Single by Flow

from the album Isle
- Language: Japanese
- B-side: "Astro Slider" "Love Dub"
- Released: November 8, 2006
- Genre: J-pop; pop rock; anime song;
- Length: 3:41
- Label: Ki/oon Music
- Songwriters: Kōshi Asakawa; Keigo Hayashi;

Flow singles chronology
| "Around The World / Kandata" (2006) | "Colors" (2006) | "Answer" (2007) |

Music video
- "Colors" on YouTube

= Colors (Flow song) =

2006 single by Flow

"Colors" (stylized in all caps) is a song by Japanese rock band Flow. Released as a single on November 8, 2006, it served as the first opening theme for the first season of the Japanese anime series Code Geass. It was later included on their fourth studio album Isle.

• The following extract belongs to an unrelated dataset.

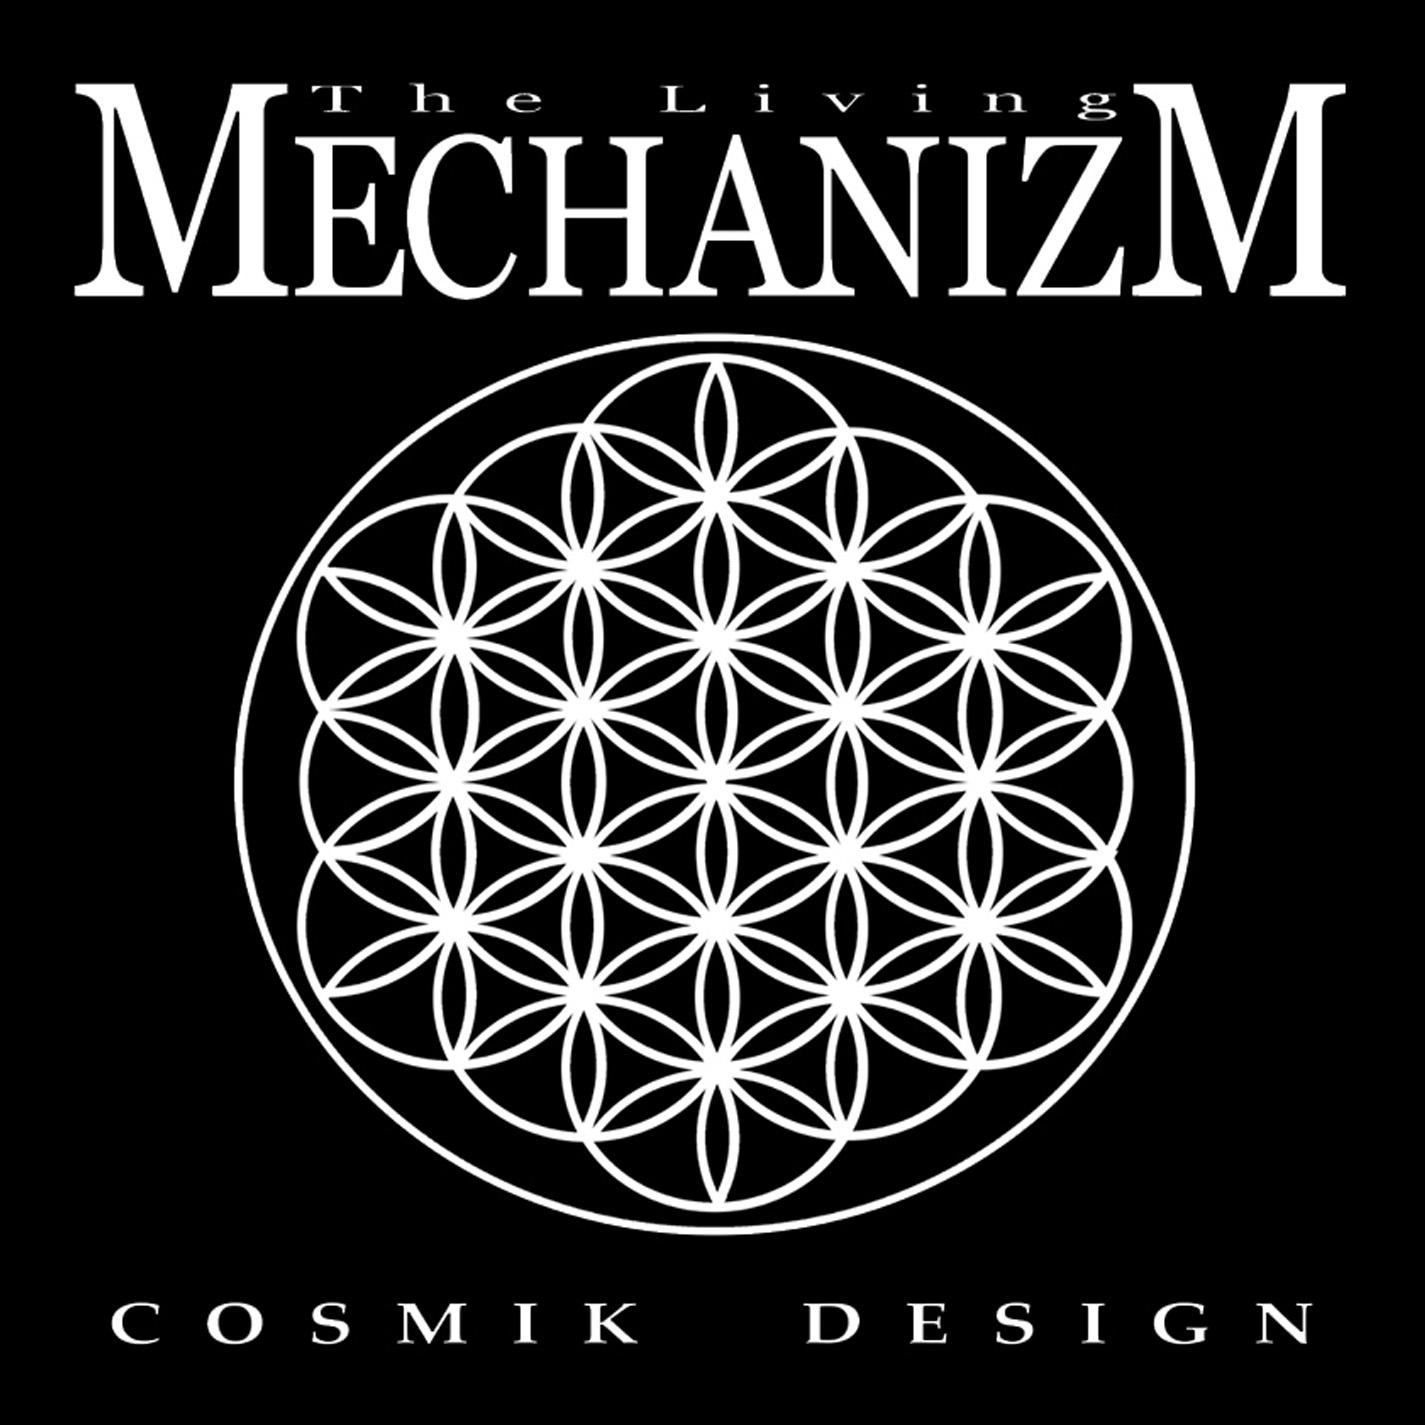 cosmikdesign.jpg

== Background and release ==
According to Flow bassist Got's (Kōtaro Gotō), the song's working title was "Lelouch" during the early stages of recording, named after the series protagonist, Lelouch Lamperouge.

Due to Code Geass being an anime-original series, the band was only given brief summaries of the plot and characters as references for writing the song.

The single was released on November 8, 2006 in two versions: a standard edition and a first-press limited edition. The limited edition included a window film jacket of the band, a 24-page collection of original artwork and setting materials of the opening, a Code Geass illustration jacket sticker drawn by series character designer Takahiro Kimura, a Lelouch Lamperouge Ashford Academy student ID, an Ashford Academy emblem sticker, an Enhanced CD that contained a live bootleg of "Colors" recorded in Dallas, and a TV commercial collection of the series.

== Composition and lyrics ==
"Colors" is a pop rock song, composed in the key of C-sharp major and is set in time signature of common time with a tempo of 136 BPM. Described as a "tearful disco", the song is inspired by progressive rock, with lyrics that express themes of a "trigger" and "conflict" to take initiative achieving world-changing dreams.

==Track listing==

| No. | Title | Lyrics | Music | Arrangement | Length |
|---|---|---|---|---|---|
| 1. | "Colors" | Kōshi Asakawa; Keigo Hayashi; | Takeshi Asakawa | Flow; Koichi Tsutaya; | 3:41 |
| 2. | "Astro Slider" (アストロスライダー) | K. Asakawa | T. Asakawa | Flow | 3:38 |
| 3. | "Love Dub" | T. Asakawa | T. Asakawa | Flow | 4:41 |
| 4. | "Colors" (Vocalless mix) |  |  |  | 3:40 |
| 5. | "Colors" (Code Geass opening mix) |  |  |  | 1:34 |
| Total length: |  |  |  |  | 17:14 |

==Covers==
A cover by Haruna Kamijo (Mitsuna Nagashima) and Hina Araki (Rui Tanabe) was added to the game The Idolmaster Cinderella Girls: Starlight Stage on October 18, 2019. It was included in the single "The Idolmaster Cinderella Girls Starlight Master 35 Palette", released on January 8, 2020.

A cover by fictional rock band Afterglow (Ran Mitake (Ayane Sakura)) was added as a playable song in the smartphone rhythm game BanG Dream! Girls Band Party! on December 11, 2021, with Flow as a guest performer.

A cover by Kanaha Motosu (Hikaru Akao) and Mito Shiromaru (Reina Kondō) was added to the game World Dai Star: Yume no Stellarium on June 10, 2024.

Japanese voice actor Kōhei Amasaki covered the song for the 2024 voice actor cover album [Re:collection] Hit Song Cover Series feat. Voice Actors 2 〜00's-10's Edition〜.

== Charts ==

=== Weekly charts ===

Weekly chart performance for "Colors"
| Chart (2006) | Peak position |
|---|---|
| Japan (Oricon) | 2 |

== Certifications and sales ==

Certifications and sales for "Colors"
| Region | Certification | Certified units/sales |
| Japan (RIAJ) Digital | Platinum | 250,000^{*} |
^{*} Sales figures based on certification alone.